栗ヶ沢バプテスト教会

2024-04-14 主日礼拝説教

主イエスの御手

マルコ525-34

木村一充牧師

 

 この朝与えられた聖書箇所はマルコによる福音書5章の25節以下で、ここには12年間の間、出血で苦しんでいた一人の女性の癒しの物語が書き記されています。12という数字は、本日の箇所の前後に登場する会堂長ヤイロの娘の救いの出来事の中で癒された娘の年齢と一致しています。この12という数ですが、ユダヤの慣例では、女の子は12歳で成人した女と見なされました。ユダヤではこの数字は完全数であり、十分に長い期間という意味を持ちます。彼女は、女性の中にときどき見られる婦人病の一つで苦しんでいたのであります。この病気は、彼女にとって肉体的な苦しみであっただけにはとどまりません。旧約聖書のレビ記15章によりますと、期間を過ぎても出血がやまない場合、その期間中ずっとその女は不浄であると書かれています。この律法は、本来は女性の立場を守るための定めでありました。ところが、やがて浄・不浄を選り分けるための基準として用いられました。具体的に言うと、このような女は礼拝の場に出席できず、友人たちと交際をすることさえも禁じられたのです。彼女は精神的にも苦しんでいたのであります。

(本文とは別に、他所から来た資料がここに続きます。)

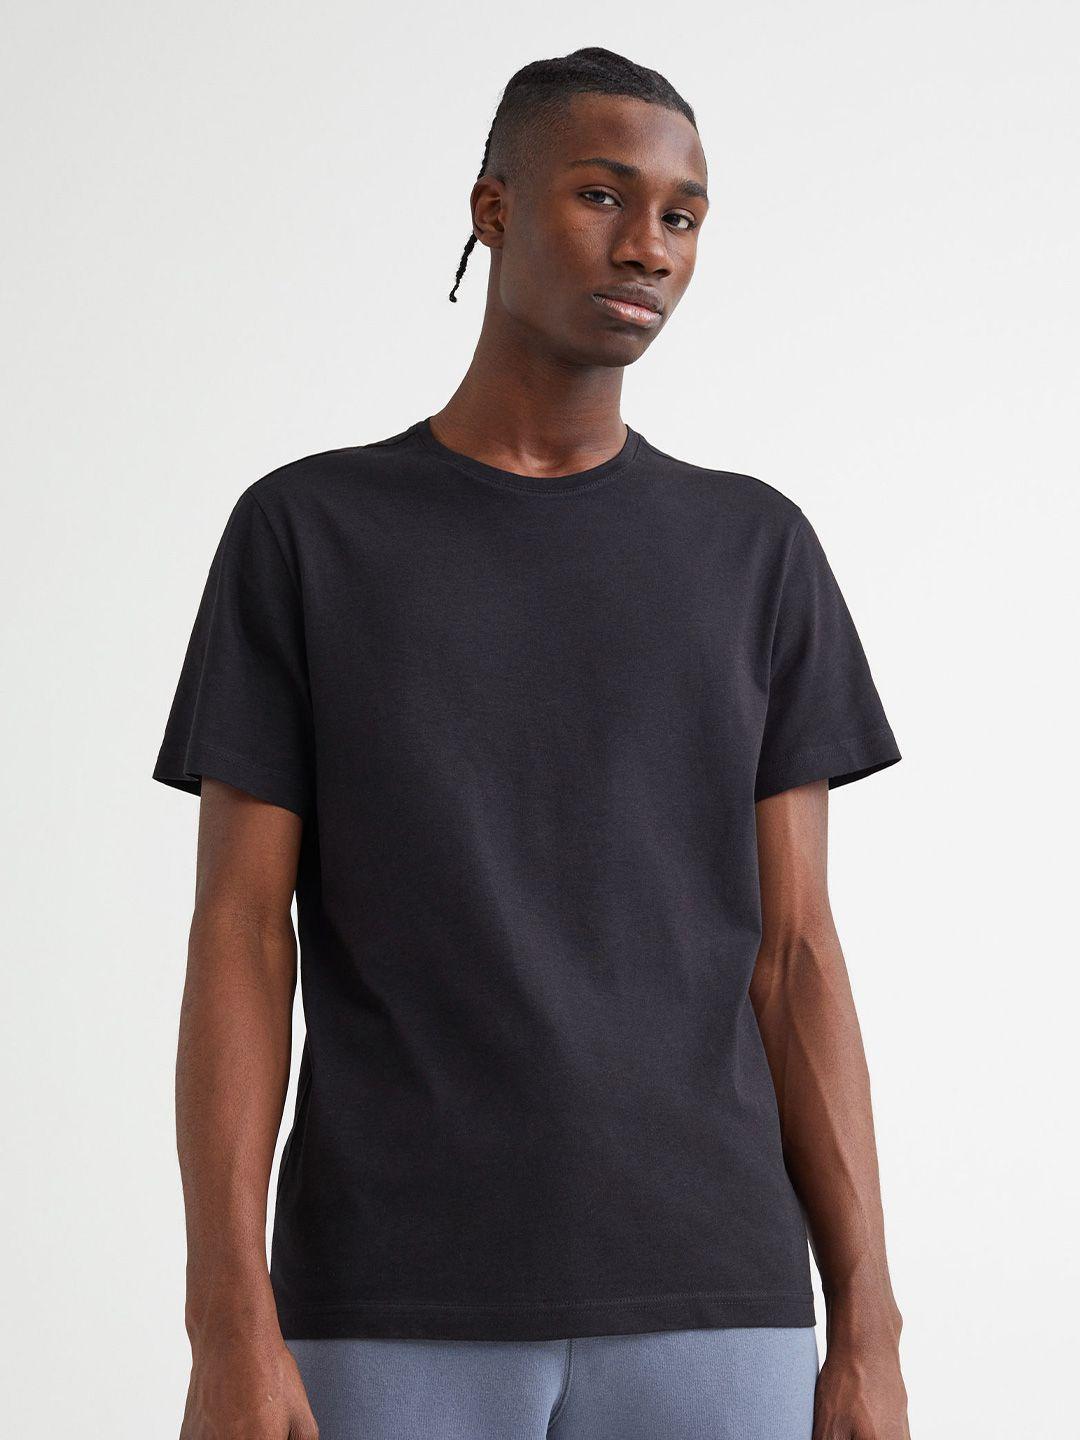 h&m men black regular fit t-shirt

 この病気を治すために、彼女は考えられる限りの手段を尽くしました。評判のよい医者を探し求め、考えられる限りの治療方法を実践しました。タルムードというユダヤのラビたちが口伝で残した律法の解釈集の中にも、この病気に対する治療方法が11項目にわたって書かれているといいます。その多くは、強壮剤のようなもの、栄養剤を飲むことを勧めているのです。彼女も恐らくそれを試してみたことでしょう。しかし、なかなかよくならなりませんでした。主イエスに出会うまでの彼女の状態を、本日の福音書は次のように26節で書き表しています。「多くの医者にかかって、ひどく苦しめられ、全財産を使い果たしても何の役にも立たず、ますます悪くなるだけであった」彼女がどれほど落ち込んでいたことか。何とかしてこの病気から解放されたい、何か良い方法はないだろうか。彼女がどれほどこの病気のことで苦しんでいたか、私にもよくわかります。私もまた、体調不良で苦しんでいたことがあるからです。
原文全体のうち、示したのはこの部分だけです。